Sam Fisher
Banned
When French voters seated a Socialist Party president in May, they were led to expect a break from the pressures of excessive debt, budget austerity and economic decline.
Not happening.
Francois Hollande is proving that good intentions can't engineer a turnaround. When he came into power six months ago, Hollande pandered to his political base. He raised the minimum wage, lowered some retirement ages, increased taxes on the rich and promised to fund 60,000 new teaching jobs.
Within months, however, Hollande was backpedaling, saying France needed to raise taxes more broadly. At a news conference this month, Hollande stressed the need to make French business more competitive and defended the necessity of a higher value-added tax that regressively affects the poor.
Hollande's approval ratings have plunged. His zigzagging has some French longing for a return of Hollande's hyperkinetic predecessor, Nicolas Sarkozy.
France is enduring the inevitable consequences of overspending on social programs and overregulation of its labor market. Its companion impulse to overtax is being tempered by fiscal and financial reality. Even a nation rich in culture, resources and infrastructure can't keep borrowing money and raising tax rates forever. Citing the troubled fiscal outlook and "deteriorating economic prospects," Moody's Investors Service on Monday stripped France of its AAA credit rating. Rival rating agency Standard & Poor's had downgraded France from AAA months earlier.
America should heed the French lesson — especially with the automatic tax hikes and across-the-board spending cuts set for Jan. 1 unless U.S. lawmakers find a way to avoid that so-called fiscal cliff.
Unable to keep the promises he made, Hollande has pleaded for more time to set France on the right course: "Everything has been said, but not everything has been tried," Hollande explained. "I will do everything to ensure our turnaround."
Trouble is, he means everything. He will jack up taxes and jack up spending. He will court business investment with tax credits at the same time he tries to ignore the labor-market constraints that contribute so much to making France uncompetitive.
A recent International Monetary Fund report outlines how rigid, dysfunctional rules are at the core of the French malaise. Companies cannot readily adjust the working hours or pay of their labor forces to meet pressure from a Europe-wide slowdown. Layoffs are cost-prohibitive — although that hasn't stopped major employers such as Peugeot from announcing massive job cuts. No wonder France is in danger of lapsing into a recession.
With its well-educated populace and sophisticated business culture, France has more economic breathing room than a smaller, poorer nation such as Portugal. Yet it is precisely to Portugal that Hollande should look for an example of the resolve he needs.

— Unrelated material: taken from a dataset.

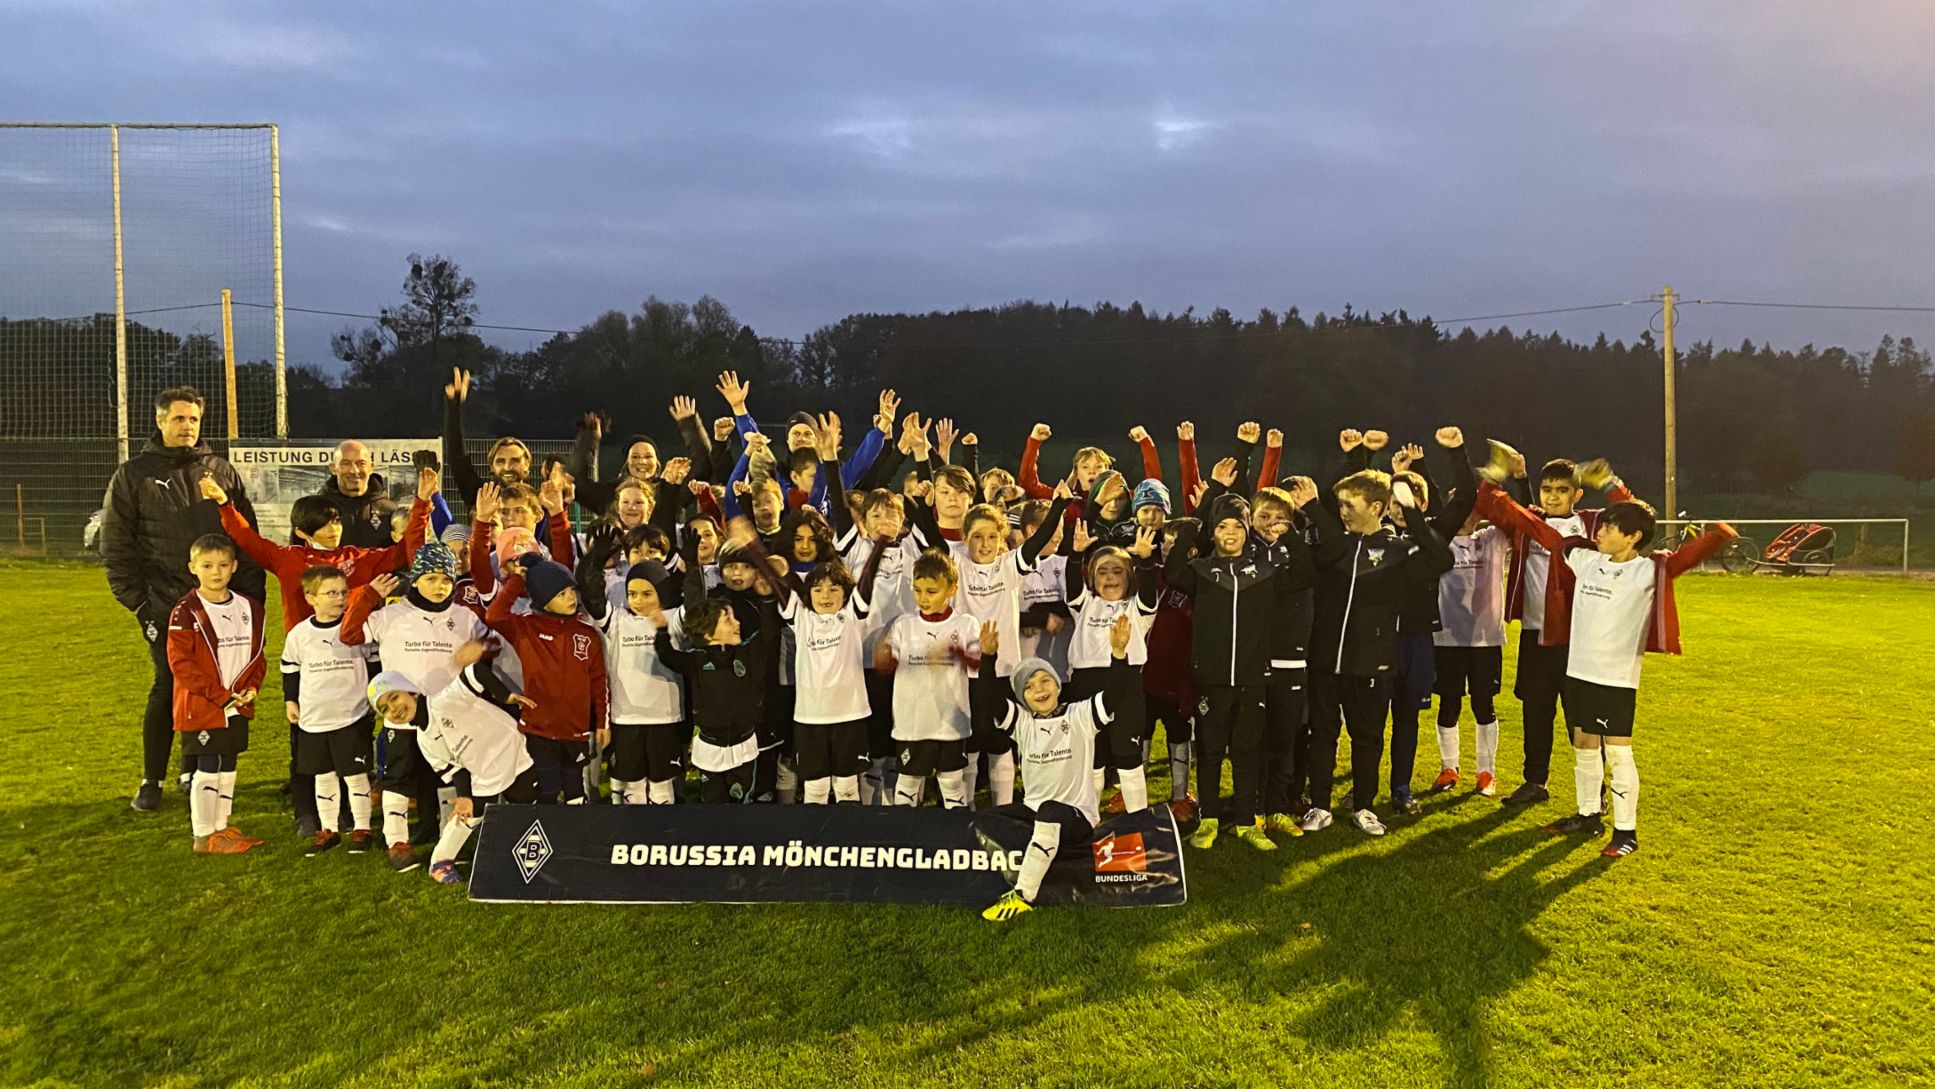 Fohlen Fußballschule, Borussia Mönchengladbach, 2022, Porsche AG

Portugal has stuck with a program of austerity and debt-reduction despite severe economic pain and declining living standards. Its center-right government is now ushering in another austerity budget in the face of public protests. What's not obvious today but will be soon is how dealing forthrightly with its debt, reforming its markets and curbing its public spending will clear the way for growth in the future.
On a recent visit to Portugal, German Chancellor Angela Merkel endured some nasty public protests, including displays of swastikas and catcalls such as, "Merkel Nazi, Go Away." As head of Europe's largest and most successful economy, Merkel is pushing fiscal discipline across the continent. She recognizes it is a tough path to follow. But she is exactly right when she notes that Portugal's "conditions for growth" have improved dramatically, as a result of "the courageous action of its government."
For Germany, France is the bigger worry. France is healthier yet than Portugal, but as Europe's No. 2 economy — and Germany's largest trading partner — much is riding on Hollande's ability to nurse his nation back to vigor. Germans are skeptical: A recent headline in a prominent German newspaper asked, "Will France be the new Greece?"
Hollande has shown a willingness to adjust his policies. But his scattershot approach won't be strong enough to pull France out of its economic tailspin. What's needed is a coherent strategy.
Hollande has to muster the same political courage as leaders of Portugal and his counterpart, President Cavaco Silva, to make France competitive again.